Мы знаем целую серию русалок в искусстве Врубеля: рисунок к стихотворению Лермонтова, аллегорические фигуры водяных дев, панно «Утро», «Царевну Волхову» и «Царевну-Лебедь», рисунки к майоликовому блюду «Садко», само блюдо и «Жемчужину». Но художник не ограничился этими вариантами, видно, эти образы жили в нем постоянно. В том же 1900 году он сделал сравнительно законченный эскиз композиции будущего произведения, скорее всего воображаемого декоративного панно «Игра наяд и тритонов»: обнаженные тела юных наяд и морских кентавров-тритонов, резвящихся в волнах морского простора. Это еще одно решение близкой художнику темы, но здесь эта тема дана в виде декоративного панно, предназначенного для интерьера. Не исключено, что композиция «Тридцать три богатыря» в ее акварельном и незавершенном масляном вариантах виделась Врубелю не станковой вещью, а большим сказочно прекрасным декоративным полотном. И этих вещах художника не меньше, чем фигуры, интересовала морская стихия, игра волн, прибой, который выносит на берег много чудесного: и богатырей во главе с их дядькой Черномором, и тварей подводных, разнообразных и причудливых неземными формами, цветом, движениями. Здесь, как и в «Игре наяд и тритонов», он отдавался своей страсти к музыке моря, которую не уставал слушать в «Садко» и «Сказке о царе Салтане» Римского-Корсакова, здесь он впервые «нашел свои перламутровые краски», думала Н. И. Забела[287]
, и, действительно, перламутром отливает акварельный вариант подводных витязей, на первом плане которого так подробно он изобразил жителей рыбьего царства, принесенных мощной волной. Интерес к форме, цвету, орнаментальности рыб, их сверкающей серебром, золотом, перламутром чешуе, равно как сказочное одеяние — диковинный шлем и трезубец «дядьки морского»,— мешал художнику отдаться целиком изображению моря, в котором в обоих вариантах композиции прежде всего изображена его «бурливость»: «Море вспенится бурливо...»Увлечение одухотворенной формой и цветом еще более занимало художника в картине «Царевна-Лебедь», где водная гладь смотрится таинственно притихшей, будто засыпающей к ночи. А во второй картине «Лебедь» (Государственная Третьяковская галерея), где царственная птица, сохраняя свой обычный облик, затаилась в густой темноте зелени на закате и на наших глазах только собирается взлететь, моря и совсем нет, если не считать небольшого куска холста слева, под крылом, где серо-зеленые мазки обозначили прибрежную водную поверхность. Видимо, все же музыка моря, музыкально-зрительные переживания подвигули художника писать такие, казалось бы, разные по содержанию вещи, как «Царевна-Лебедь», «Игра наяд и тритонов», «Тридцать три богатыря» и «Садко». Он сам говорил жене: «...я могу без конца слушать оркестр, в особенности МОРЕ. Я каждый раз нахожу в нем новую прелесть, вижу какие-то фантастические тона»[288]

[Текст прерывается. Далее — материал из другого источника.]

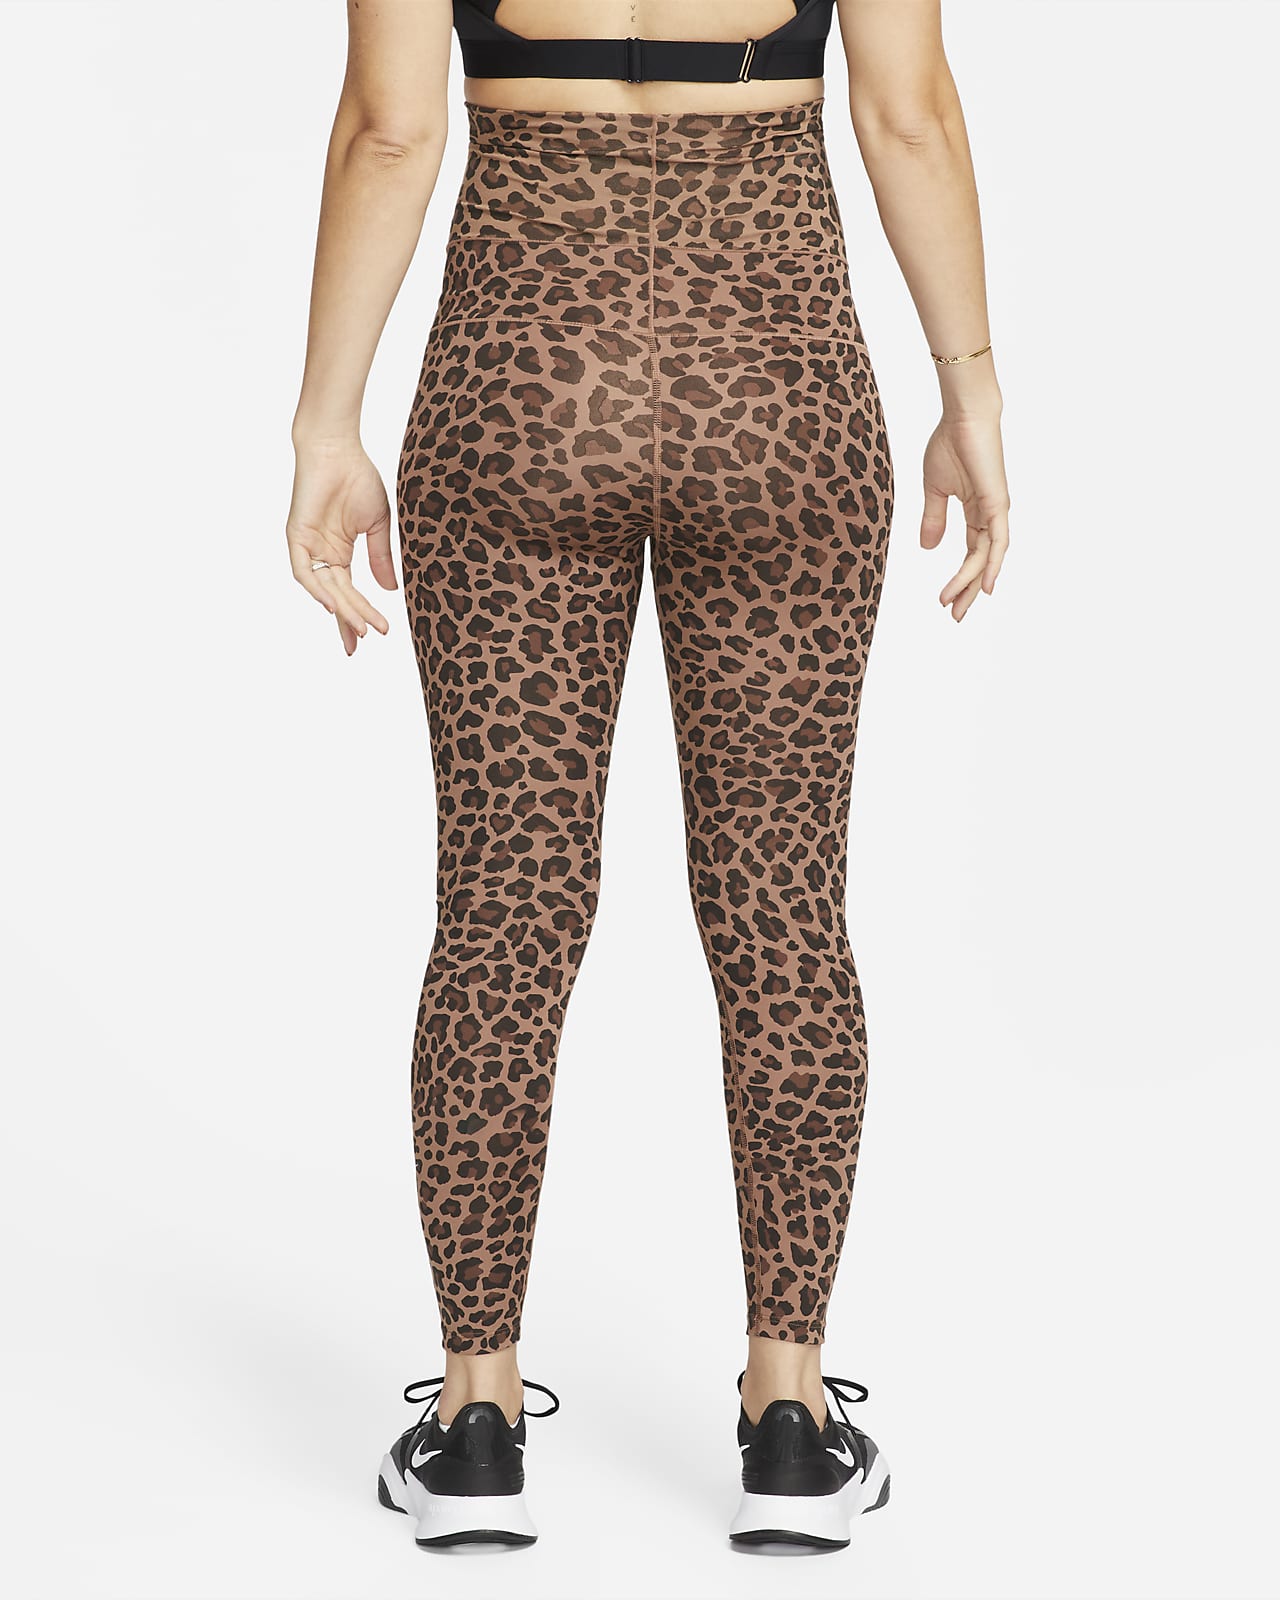 Hub spier Echt niet Nike One (M) Legging met hoge taille en luipaardprint voor dames  (zwangerschapskleding). Nike NL

. Но, превращая музыкальные впечатления в живописные и декоративные образы, Врубель становился сам собой, профессиональным живописцем, рисовальщиком, декоратором: изобразительность, орнаментальность, форма и цвет композиции и декоративные задачи становились главными, вытесняя во многом первоначальные чисто музыкально-поэтические восприятия, которые поглощались живописью в цвете, ритме, общей гармонии произведения.